金は美肌作用を持ち、そのまま食してアンチエイジングの期待も出来るし、小型の金塊に灰色(氷属性)の魔石を嵌め込んで、冷却効果を追加すれば肌の引き締め効果も上がる。
これも魔界の物より軽量化が図られ、冷却期間も実験では延びていると言う。
ドラゴン姉妹の住んでいる魔界の侯爵家でも、昔から資金集めの一環として、金や銀の鉱物を溶かした化粧品や魔道具を作成していた。
魔界には特に特許などはなく、誰が作っても罰則などはない。
但し高い道具と技術を必要とする為に、既にある商品に対抗することはなかった。魔界では……………
ただ今回、同じような商品が人間界で発売された。
明らかになっていないが、王妃の弟ジェイド(孤児のジェド)から。
出元は誰も知らない今回の出来事に、魔界の侯爵家は焦り憤っている。
今の所、魔界での侯爵家からの販売供給は変わらない。だが、今後ドラゴン姉妹が絡めば需要が人間界の商品に傾く可能性があるからだ。
そして、そもそも人間界と争う必要もないのでは?と、考える人が増えてきた。
ラリサの弟ウィリアム(魔界名イリヤ)は、魔界の戦力としてブラックゴルゴノプスドラゴン(カザナミ)の竜玉を取り戻す為に、人間界に出向いた。保有者のラリサを殺して、竜玉をカザナミに戻す為に。
・だが既にカザナミは人化し、ドラゴンには戻れない。
・そして魔界には内緒だが、ウィリアム(イリヤ)もタルハーミネ(ヘルガ)もラリサを守っているから、誰にも殺させないだろう。
・魔界から仕掛けなければ、人間界から攻撃してくることはないし、人間の生態もわりと穏やかそう。
そんな人間界より、他の魔界の国を警戒する必要があるんじゃないかとの意見も出ている。極めて妥当である。
今後計画を修正し、誰と組むべきか人間界との付き合いをどうするのか?
魔界の他国との戦力バランスを把握する必要がある。
大々的に人間界のことが知れれば、驚異が薄い人間界を掌握しようとする魔界の国が他にも出てくるだろう。
そしてドラゴン姉妹不在のこの国を、支配する足掛かりとして動くかもしれない。
何とかこの国の国王ハイルリヒ、宰相アイドステル、軍務大臣アルファードが主導していければ良いのだが、残念ながら彼らはわりと脳筋だった。宰相さえも。
唯一の頭脳、外務大臣のサーシャル・ジャクリスだが、何度進言しても経済的変化を受け入れない国王達の姿勢に、王位を改革派に渡そうとしている。
現王国大ピンチである。
四面楚歌でそれを助けてくれる人がいるなら、それはウィリアムやジェドくらいのものであるが…………
それをドラゴン姉妹が、彼らに伝えられるのか?
そもそも転生のこと知らないし、気にもしていないかも?だ。
「お姉さま、そのルージュ。唇プルプルですわ」
「そうでしょ? 多色なのよねぇ。
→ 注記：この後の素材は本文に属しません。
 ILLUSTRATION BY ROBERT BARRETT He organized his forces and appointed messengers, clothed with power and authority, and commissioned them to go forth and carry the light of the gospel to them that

ねえ、ミナさん全色あるかしら?」
「勿論ですわ、ここに。他にも今日は新色アイシャドウもありますわ。そして、メイクアップアーティストも連れてきてますわ」
「えーと、キャラウェイと申します。よろしくお願いします」
突然寝起きで、魔界に連れてこられた彼。
濃い魔素で彼が死なないように、この建物には結界が張ってある。勿論転移魔法で直通で入ってきた。
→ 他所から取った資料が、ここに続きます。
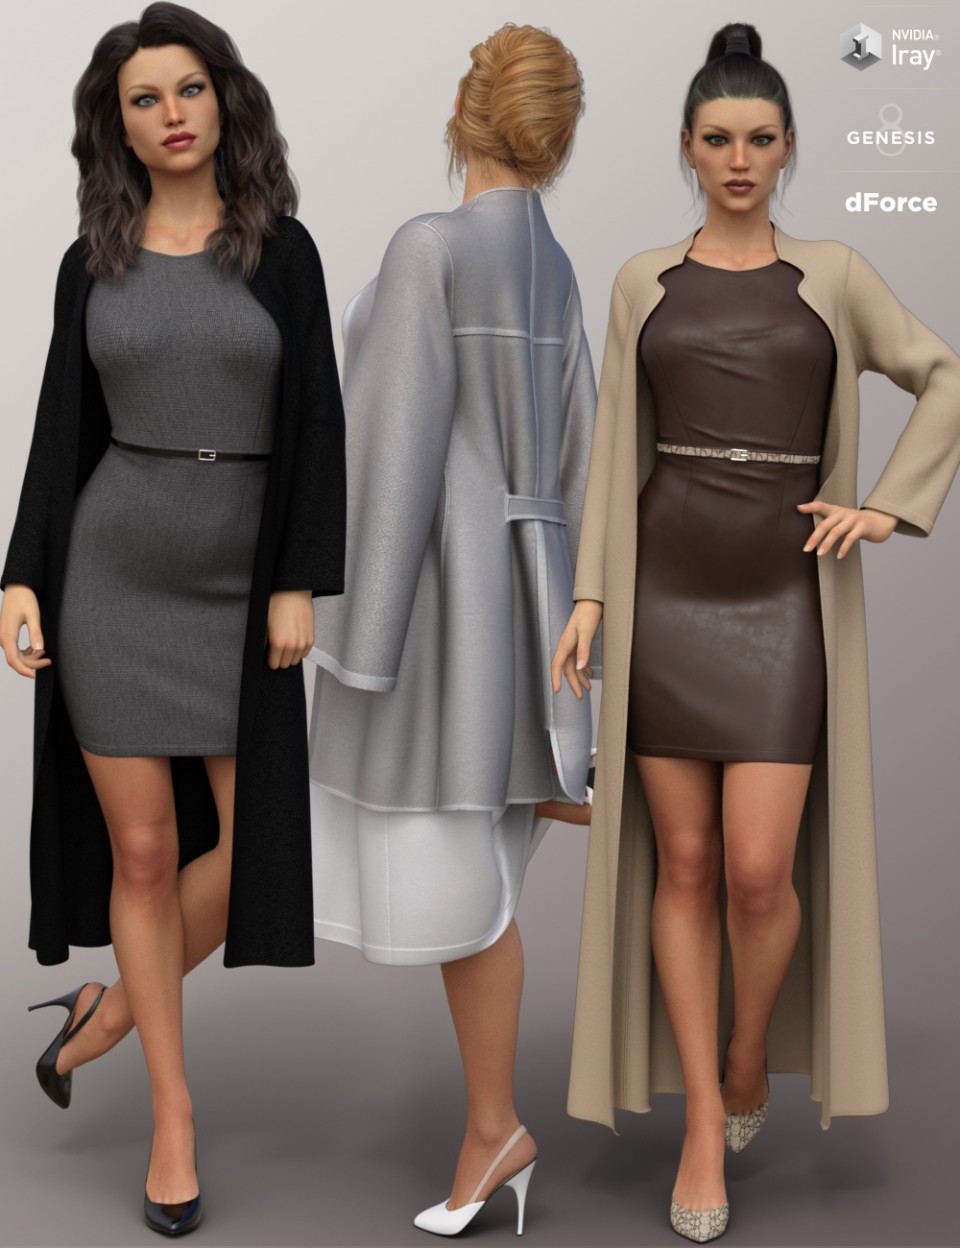 dForce Fashion Sophisticate Outfit for Genesis 8 Female(s)_DAZ3D下载站

「スゴいわ。貴方、お姉さま方専属の美容師よね。私、憧れてます」
「私も、尊敬してます」
「とても印象が変わりますよね。もういつもワクワクしてます」
「コスプレ?ですか、お姉さまが男性になる変装痺れます」
等々と、称賛がキャラウェイに舞う。
ここは西洋のお城のような石作りだった。
ドラドン姉妹の私邸らしい。
ここに集まったのは、ドラゴン姉妹ファンの平民・貴族総じて23名だ。比較的、人間に好意的な者が集まった。
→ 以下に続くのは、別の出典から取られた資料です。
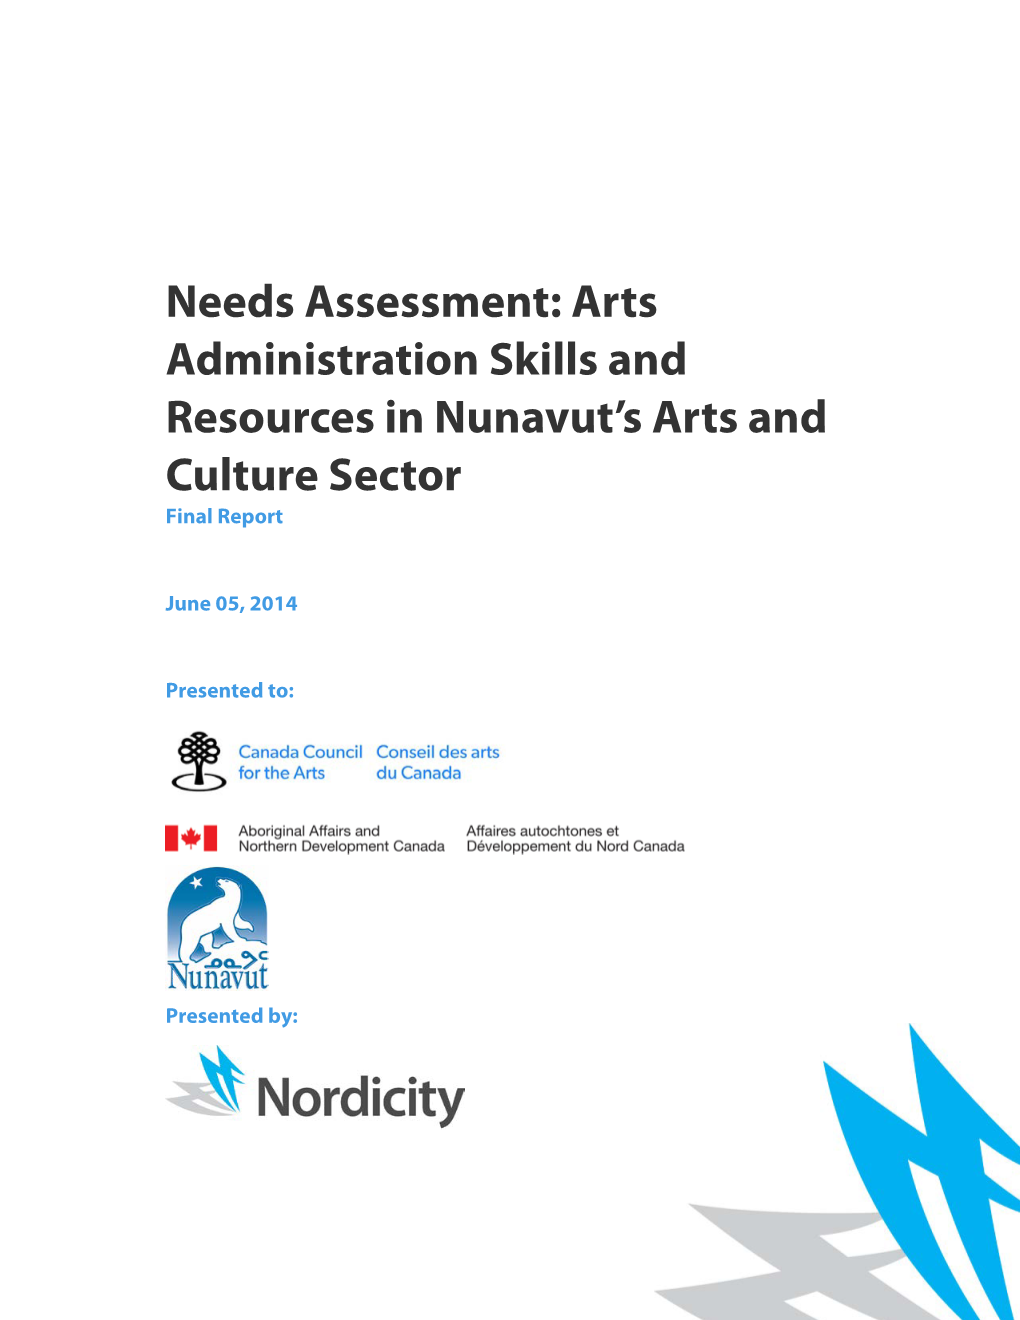 Needs Assessment: Arts Administration Skills and Resources in Nunavut's Arts and Culture Sector

私服はイギリスの王族のような、レース・ドレープ多めのドレスだった。顔立ちはメイク前から皆美人だ。
魔力の関係なのか、細胞単位で生き生きしているし、肉体も引き締まっている。
以前にジリアンの高祖母が着ていた、アーマービキニは戦闘用の動きやすさ優先の物で、普段は決して着ないらしい。
褒められ、煽てられた?キャラウェイは、テンション爆上がりだった。口調もおネエになっている。
「えーと。ありがとうね、みんな。今日は全員、なりたい顔にしてあげるわ。遠慮しないで、どんどんリクエストして!」
「「「「「やったー! ありがとう、師匠!!! イエーイ♪」」」」」
そんなこんなで、全員にメイクして、髪にブローして、着付けしてをやりきったキャラウェイ。
ゼーゼー言いながらも、満足そうに笑って全員を仕上げた後、気絶して倒れた。
「じゃあね、皆さん」と、キャラウェイを横抱きにして去っていくドラゴン姉妹。
皆も満足そうに家路に戻り出す。
その1人にイベント中、キャラウェイの気配に気づく者がいた。
ウィリアム(イリヤ)の魔界の異母妹アザレアだった。
「どういうこと? あの気配は、300年前の勇者の1人だと思うわ。………ああ、私が美しい。やっぱり気のせいかしら? いや、でも、きっと、うーん………」
変身後の自分に見とれ、鏡を見ながら纏まらぬ思考を巡らすアザレア。
周囲の女性達も、ドラゴン姉妹宅の大鏡や自分のコンパクト鏡を見て溜め息を吐く。
「「「「「美し過ぎる。もう別人ですー」」」」」
アザレアがキャラウェイの気配に気づいた様子に、ドラゴン姉妹はまずいと一瞬考えた。…………けれどすぐ忘れた。
『まあ、カザナミもいるし。大丈夫でしょ』と。
やはりドラゴンと人間の思考には、見えない溝があるのだった。
疑っていたアザレアさえも、殺気よりも羨望を抱いていた。
「このメイク、神! キャラウェイ師匠!」
もうキャラウェイの名前さえも前世と同じに呼ばれていたが、有耶無耶になっていき、正気に戻るまで思い出されもしないのだった。
そのまま思い出さないことを願うばかりだ。